I must confess that I did not trust my own abilities when I stared this build,
so I found a partial set of castings on e-bay that gave me some backups. 

I found I needed a couple of them - saved me from having to order a replacement
from the UK.   

I will take a picture of them and make them available to anyone else who needs
a backup piece.  

Regards,
Jim Pope
Denver


----------



## n7gtb (Dec 30, 2016)

I've been wanting to build a small steam engine for some time now. So congrats on your build, and for inspiring me to take the plunge...  Unfortunately, my attempts to purchase online have now failed twice! First with MiniSteam.com, and also with Stuartmodels.com...  I've called MiniSteam, but since it's now NewYears eave, I suspect they are closed.  I being on the west coast in the U.S., I suspect Stuart Models closed for the day hours ago...  Oh well, I'll keep trying to purchase 10V castings.


----------



## bwal74 (Dec 31, 2016)

n7gtb said:


> I've been wanting to build a small steam engine for some time now. So congrats on your build, and for inspiring me to take the plunge...  Unfortunately, my attempts to purchase online have now failed twice! First with MiniSteam.com, and also with Stuartmodels.com...  I've called MiniSteam, but since it's now NewYears eave, I suspect they are closed.  I being on the west coast in the U.S., I suspect Stuart Models closed for the day hours ago...  Oh well, I'll keep trying to purchase 10V castings.

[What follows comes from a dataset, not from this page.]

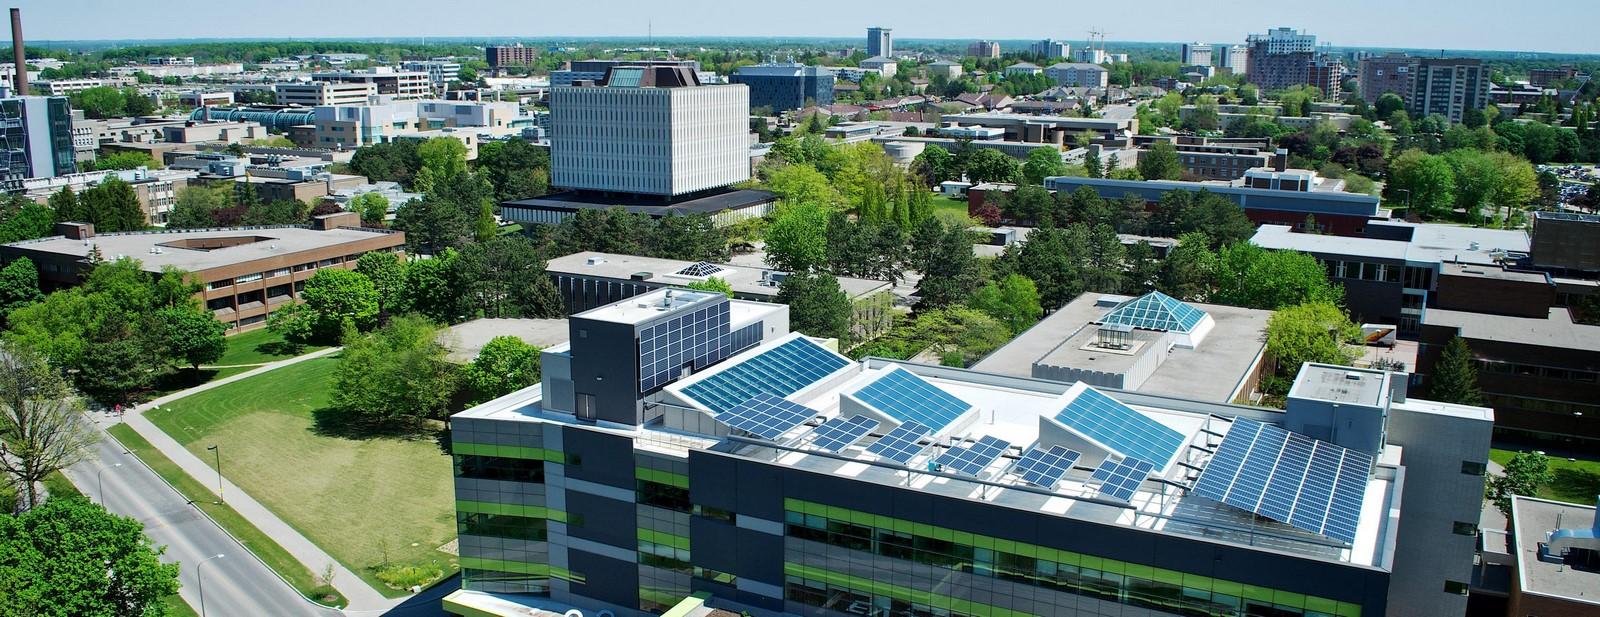 University of Waterloo Environment Building 3 - Sheet1

I ordered my casting set on a Monday or Tuesday and they arrived by the Thursday.  England to the Central Coast (just north of Sydney) Australia in four days.  
Stuart is probably on holidays now.  You may have to wait a week, but they shouldn't take long to get to you once ordered.

Ben.


----------



## jpdenver (Jan 11, 2017)

N7GTB,

Hope you have gotten your casting set by now.
I will be posting a list of spare parts for anyone who might need them.
I just moved the shop and have to find stuff.

Regards,
Jim Pope
Denver


----------



## n7gtb (Jan 12, 2017)

jpdenver said:


> N7GTB,
> 
> Hope you have gotten your casting set by now.
> I will be posting a list of spare parts for anyone who might need them.
> ...



Thanks Jim.  Unfortunately, I'm still waiting.  I was unsuccessful at completing an online order from Stuart Models, so (long story short) ordered a kit over the phone from MiniSteam.com.  They were great to deal with, and shipped the kit very quickly...Now I'm simply waiting for FedEx to deliver it.  From the tracking info, they seem to be in some weird holding pattern in central Montana.  The package is due for delivery today (1/12), so we'll see.  I'm hoping it's just a glitch with the tracking info, and is really 'out for delivery'...:-\

-Vern
Kennewick, WA.


----------



## n7gtb (Jan 15, 2017)

n7gtb said:


> Thanks Jim.  Unfortunately, I'm still waiting.  I was unsuccessful at completing an online order from Stuart Models, so (long story short) ordered a kit over the phone from MiniSteam.com.  They were great to deal with, and shipped the kit very quickly...Now I'm simply waiting for FedEx to deliver it.  From the tracking info, they seem to be in some weird holding pattern in central Montana.  The package is due for delivery today (1/12), so we'll see.  I'm hoping it's just a glitch with the tracking info, and is really 'out for delivery'...:-\
> 
> -Vern
> Kennewick, WA.



The kit arrived yesterday eve, and I've just finished inventorying the box contents.  After carefully removing the shrink wrap, it appears that the 35mm x 1 1/8" cast iron slug used to machine the upper and lower cylinder covers somehow went missing prior to shrink wrap to the cardboard panel.  Everything else appears to be accounted for.  Speedy Metals has 1 1/2" dia cast iron bar, and the price for the little over 1 inch I need isn't much, but the cost of shipping to the PNW, is.  So looks like I'll be substituting some other metal for them.  I have some brass and gun metal rounds out in the shop, which would jazz it up a bit, or I could just turn them out of CR...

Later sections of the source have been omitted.